Although unions have been in decline over the past twenty years or more, Lotito "cautioned us against complacency" Levine wrote: "They'll attempt to destroy you no matter how good you are. The better you are, the bigger target you are." And, Lotito added: "It's going to cost you some money to remain union-free, sometimes big money."
Ironically, Levine pointed out, "Jackson Lewis has advised companies that have sometimes gotten into serious legal trouble. In the case of EnerSys, a South Carolina battery plant that retained Jackson Lewis at a cost of $2.7 million to thwart unionization, things got so bad that the NLRB eventually filed a complaint against EnerSys, accusing it of 120 violations of labor law, leading to a $7.75 million settlement with federal officials.
"EnerSys ... subsequently sue[d] Jackson Lewis for engaging in what it termed ‘a relentless and unlawful campaign to oust the union.' (EnerSys was apparently astonished to learn that the union-busting firm they'd hired had engaged in union-busting.) Jackson Lewis forcefully denied that it advised or engaged in wrongdoing. The case was recently settled under confidential terms."
Late last year, the International Brotherhood of Teamsters, demonstrated outside Sotheby's locations in New York and Philadelphia "to protest the law firm's representation of the famed auction house in an ongoing contract dispute with its art handlers," AmericanLawyer.com reported. A Teamster press release claimed that Sotheby's "hired Jackson Lewis to attempt to starve its workers into giving up their job security and accepting wage cuts."

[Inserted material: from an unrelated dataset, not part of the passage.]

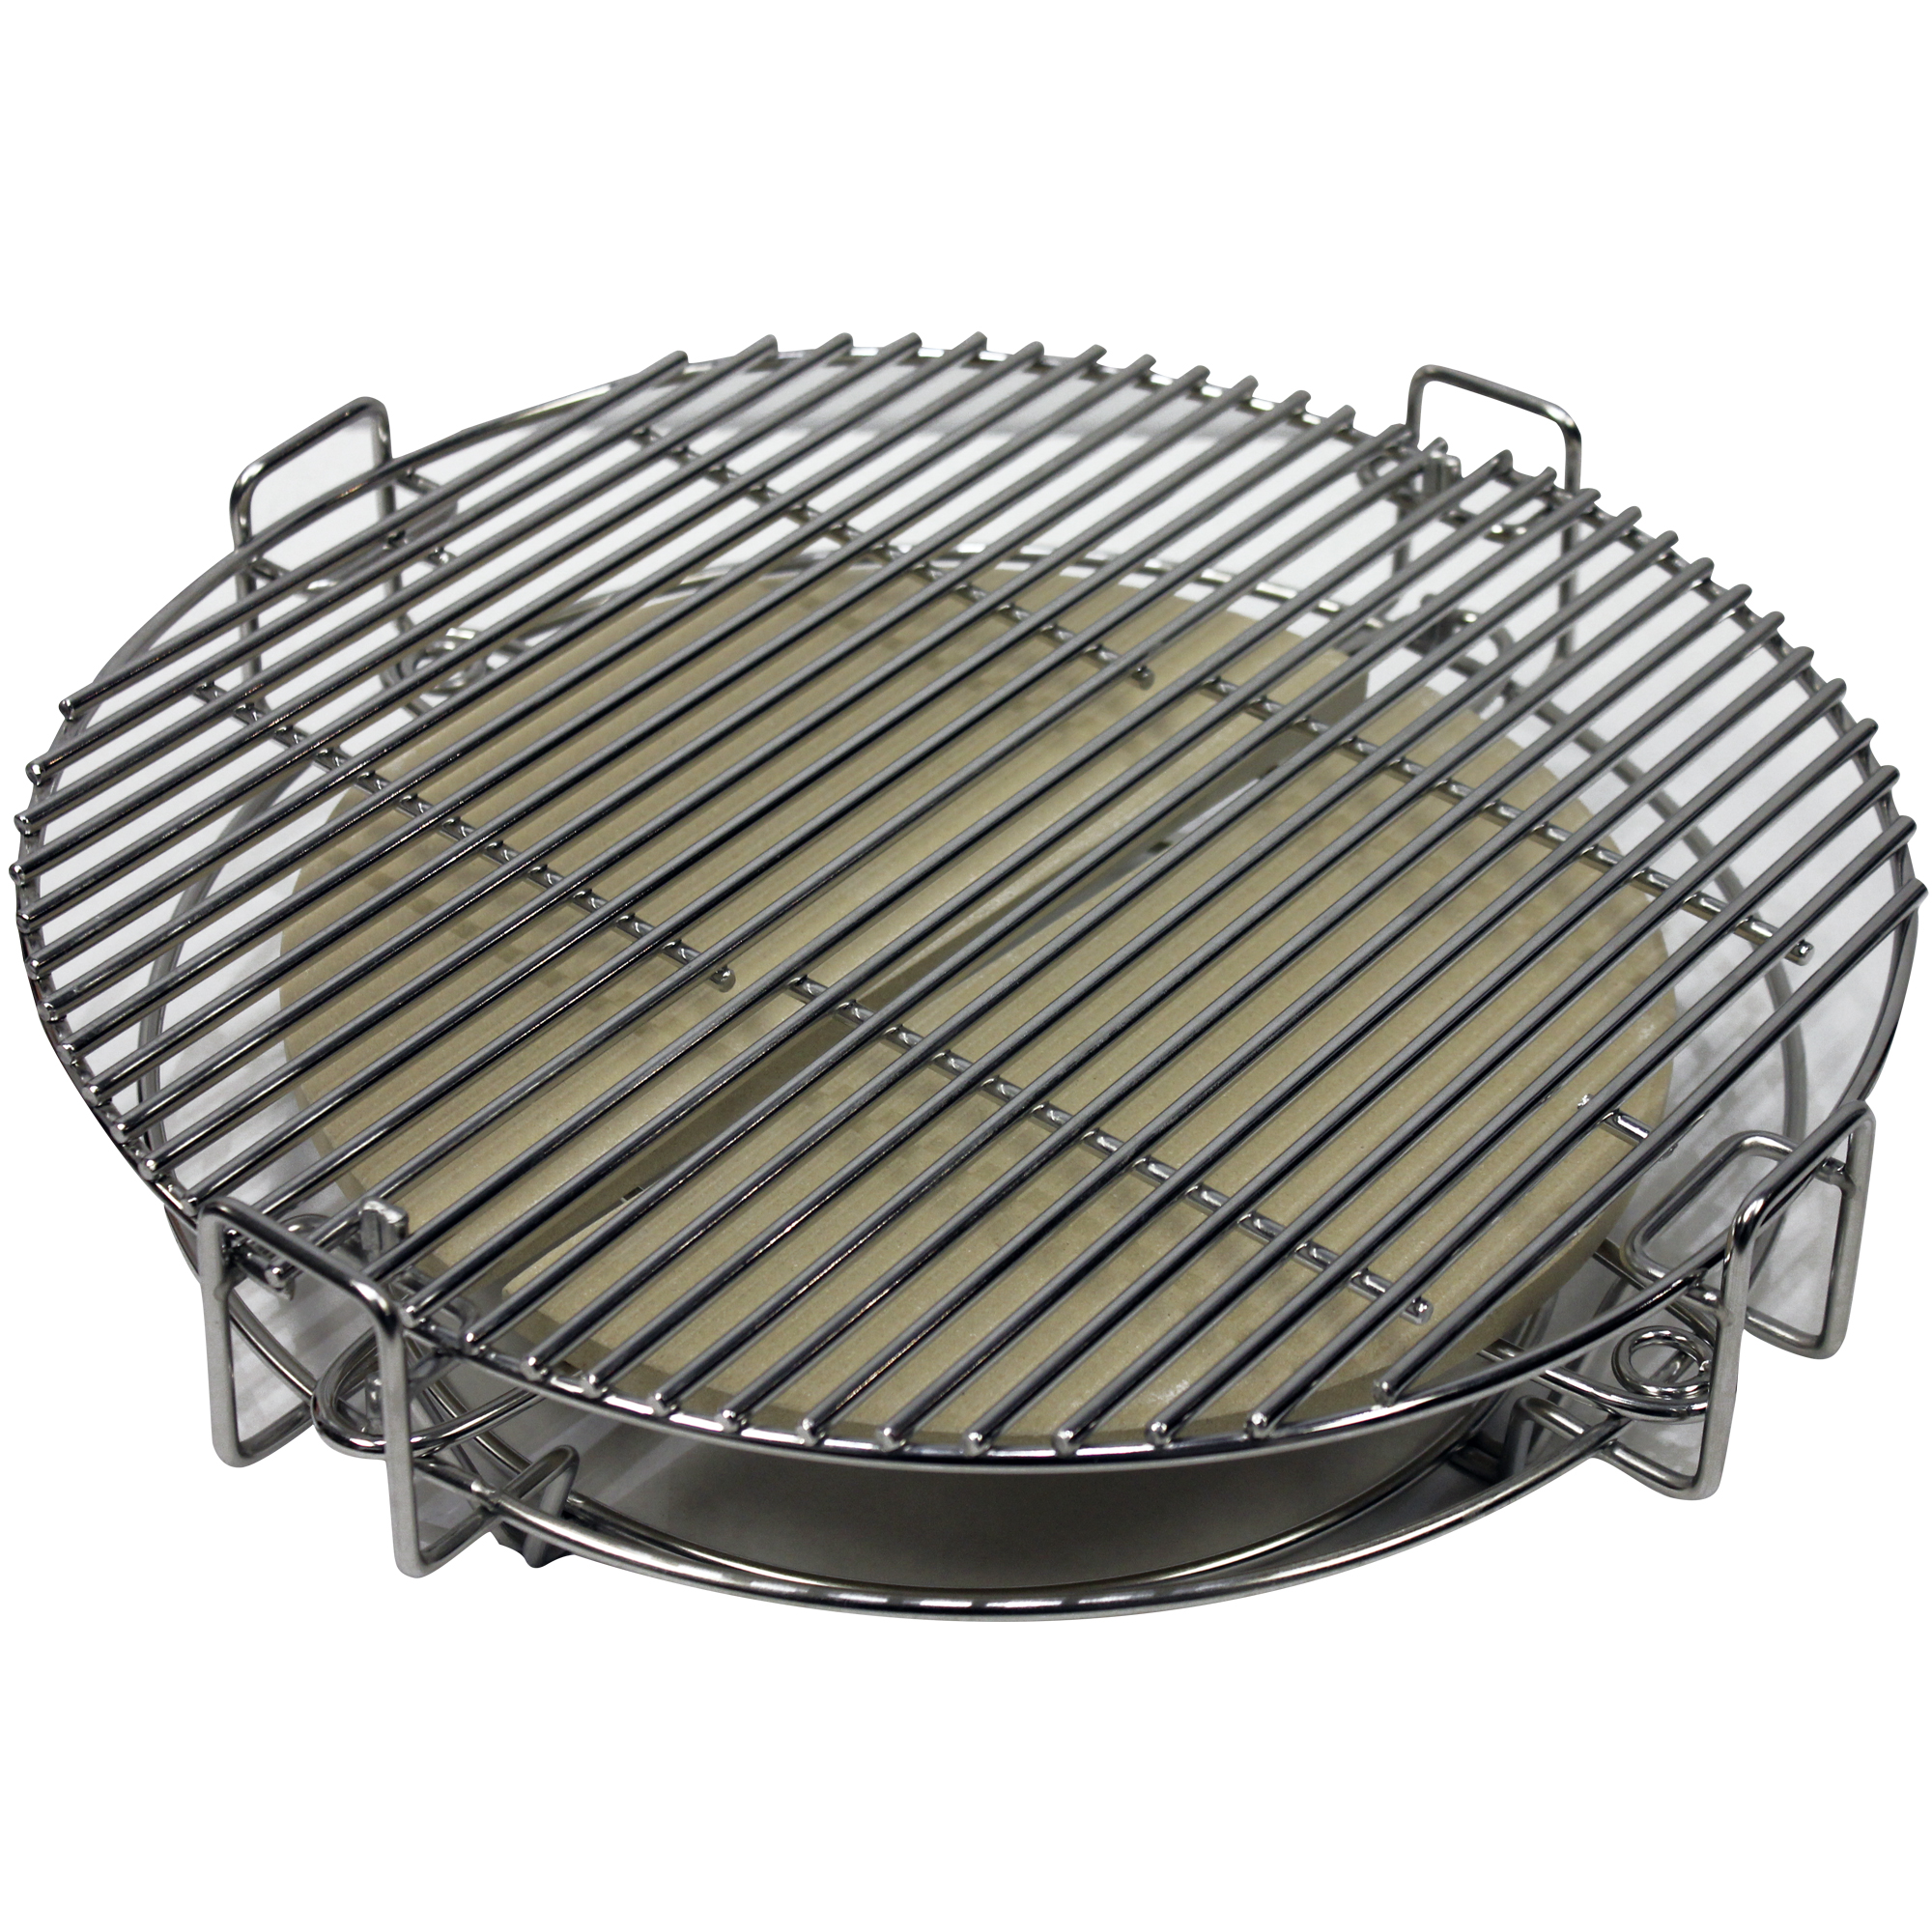 Kamado Grill - Divide Conquer Cooking System 21 inch (410-BT21)

American Rights at Work Web site also described Jackson Lewis involvement "help[ing] Borders crush union support by firing union activists and threatening to close stores if workers voted for union representation," and the firm's work for The New York Daily News where it was hired "six months before union contracts expired in 1989, in preparation for a ‘war' with the unions. The workers eventually went on strike in response to the employer's refusal to bargain contracts with the workers in good faith."
Interestingly, despite the recession, Jackson Lewis' "Gross revenue increased by just over 15 percent last year [2010], to about $295.6 million, after gains of 10 percent in 2009 and 20 percent in 2008," To9m Huddleston Jr. reported for The Am Law Daily.
Veteran labor reporter Dick Meister pointed out in a comment at calaborfe.org Web site that, "As an early KPFA subscriber and commentator for 20 years, a current commentator on KPFT, I'm appalled at Pacifica's hiring of a union buster. It's an action one could expect from the commercial media corporations that dominate broadcast but absolutely counter to the interests of Pacifica's employees, volunteers and subscribers and anyone else who believes in genuine free speech."
Workers at KPFA in Berkeley wrote to the Pacifica National Board requesting that they reconsider the hiring of Jackson Lewis. According to David Macaray, "On March 7, Pacifica Board members gave their answer. They refused to reverse the decision. This nationally recognized union-busting law firm would remain on the payroll."